Given data >>
++++++++++++++++++++
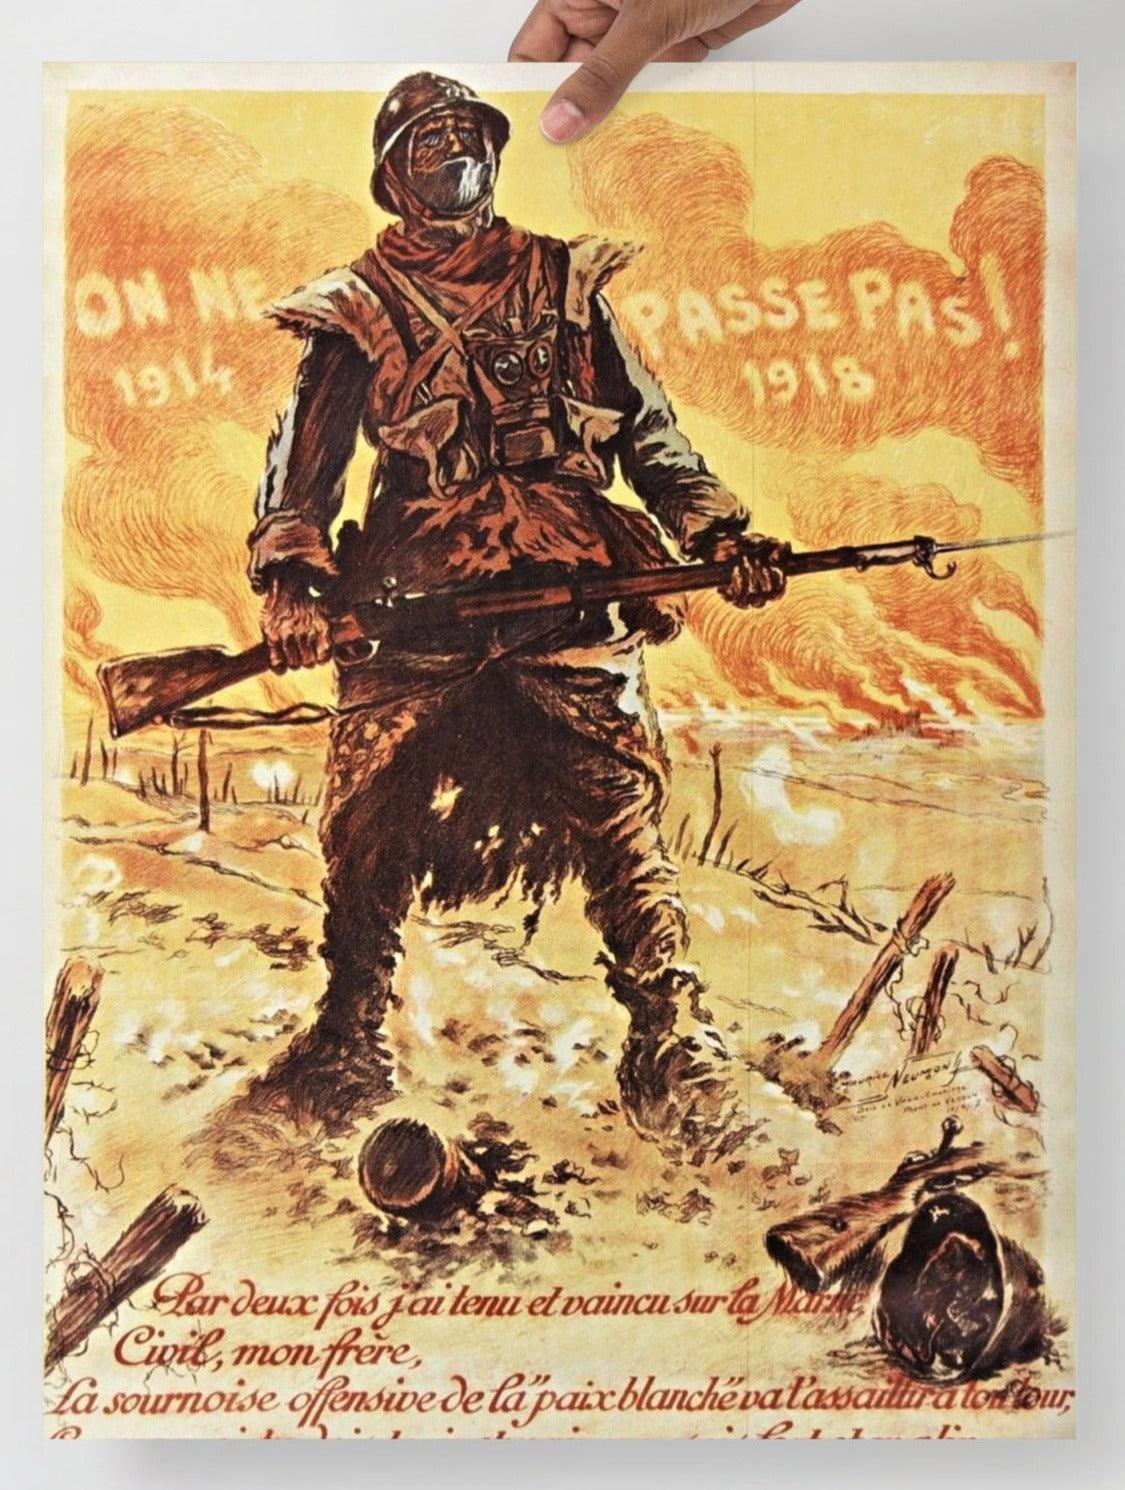 A They Shall Not Pass (On Ne Passe Pas) By Maurice Neumont poster on a plain backdrop in size 18x24”.
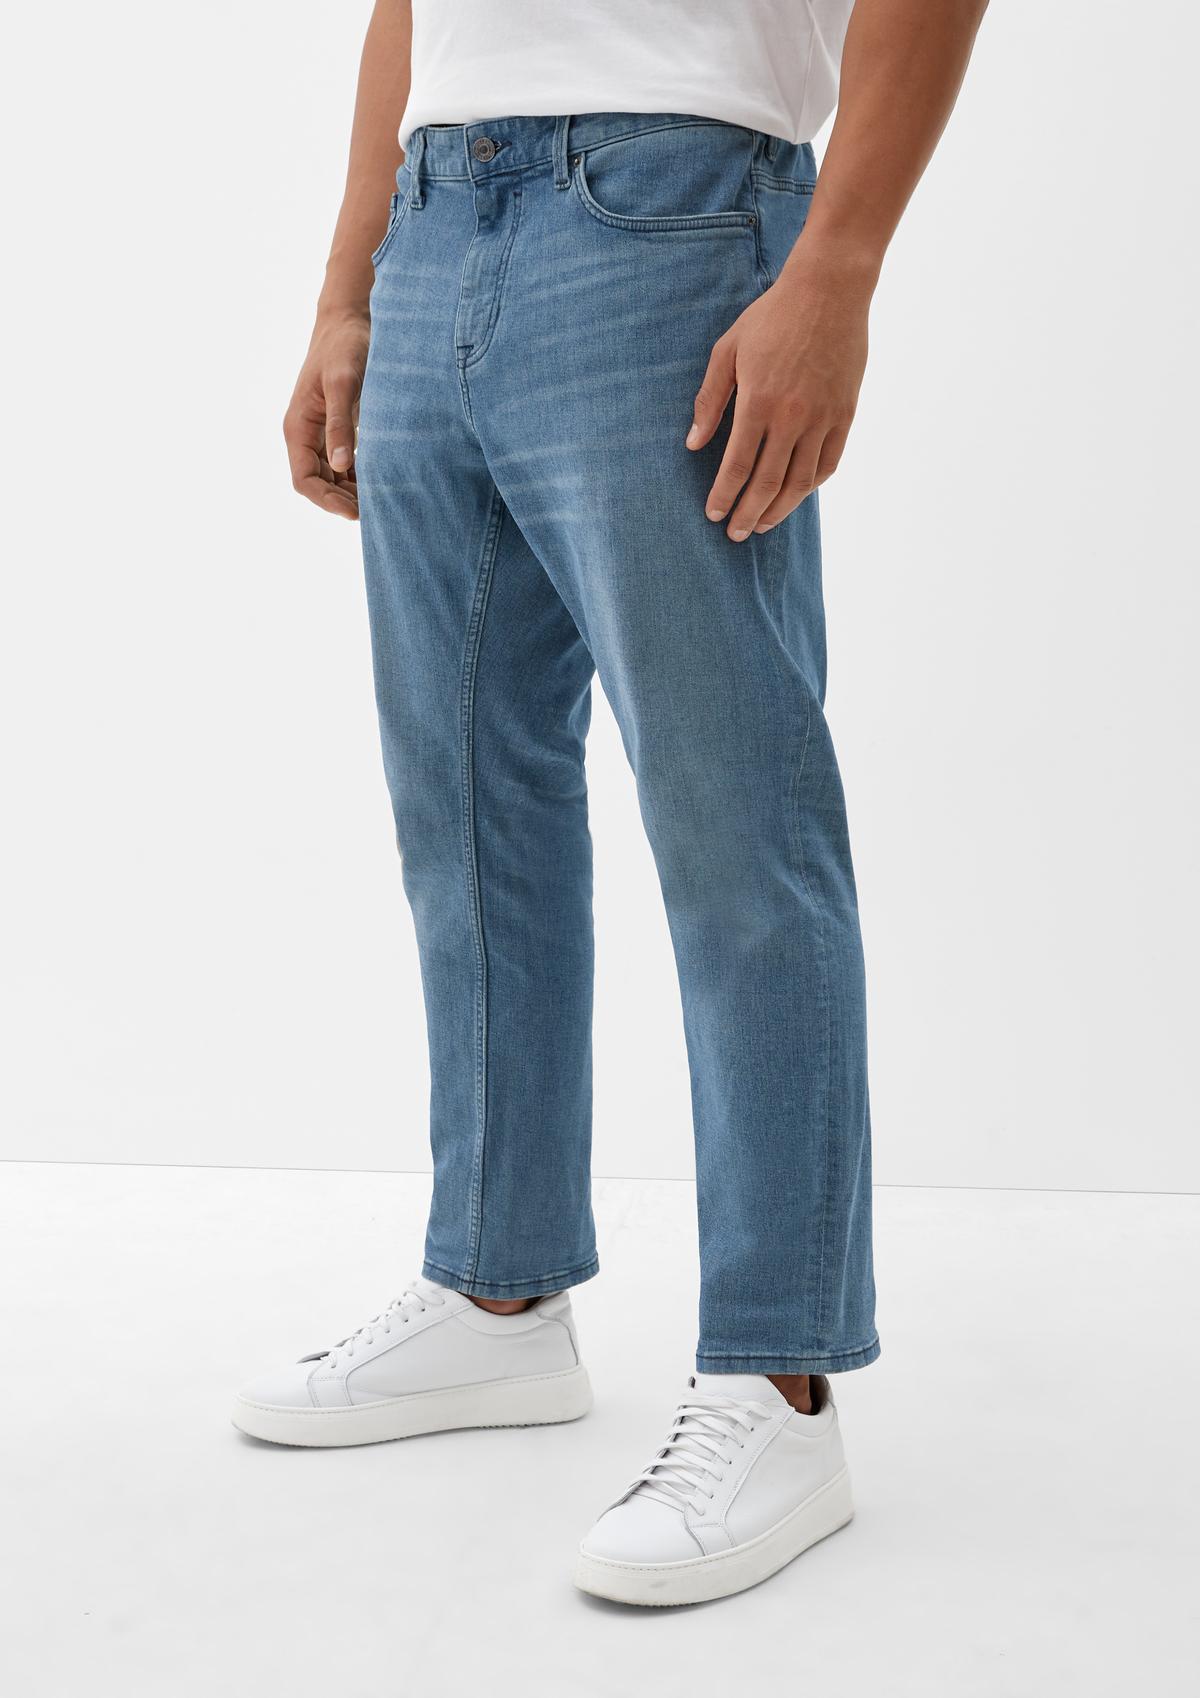 s.Oliver Casby jeans / relaxed fit / mid rise / straight leg
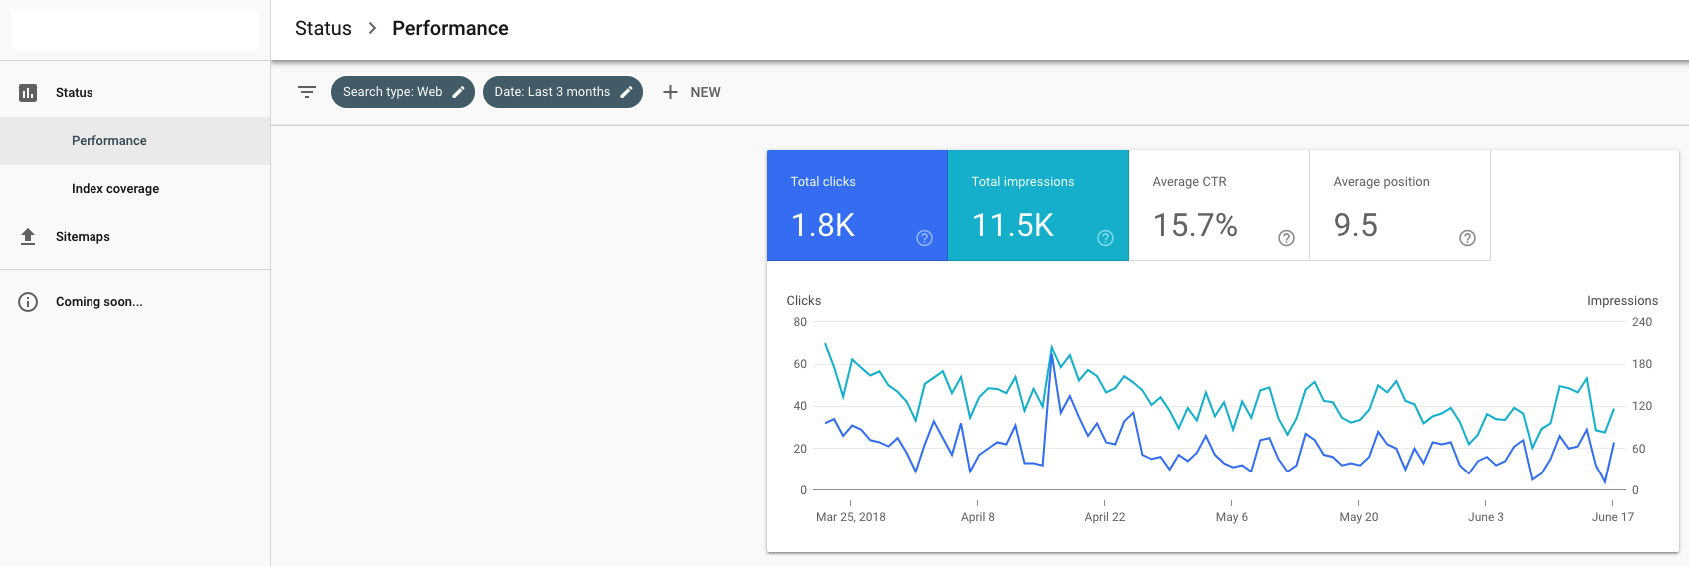 seo optimization result tracking google search console
++++++++++++++++++++
Problem description >> Reproduce the material exactly; omit the pictures.

Expected answer >>
 A They Shall Not Pass (On Ne Passe Pas) By Maurice Neumont poster on a plain backdrop in size 18x24”.
 s.Oliver Casby jeans / relaxed fit / mid rise / straight leg
 seo optimization result tracking google search console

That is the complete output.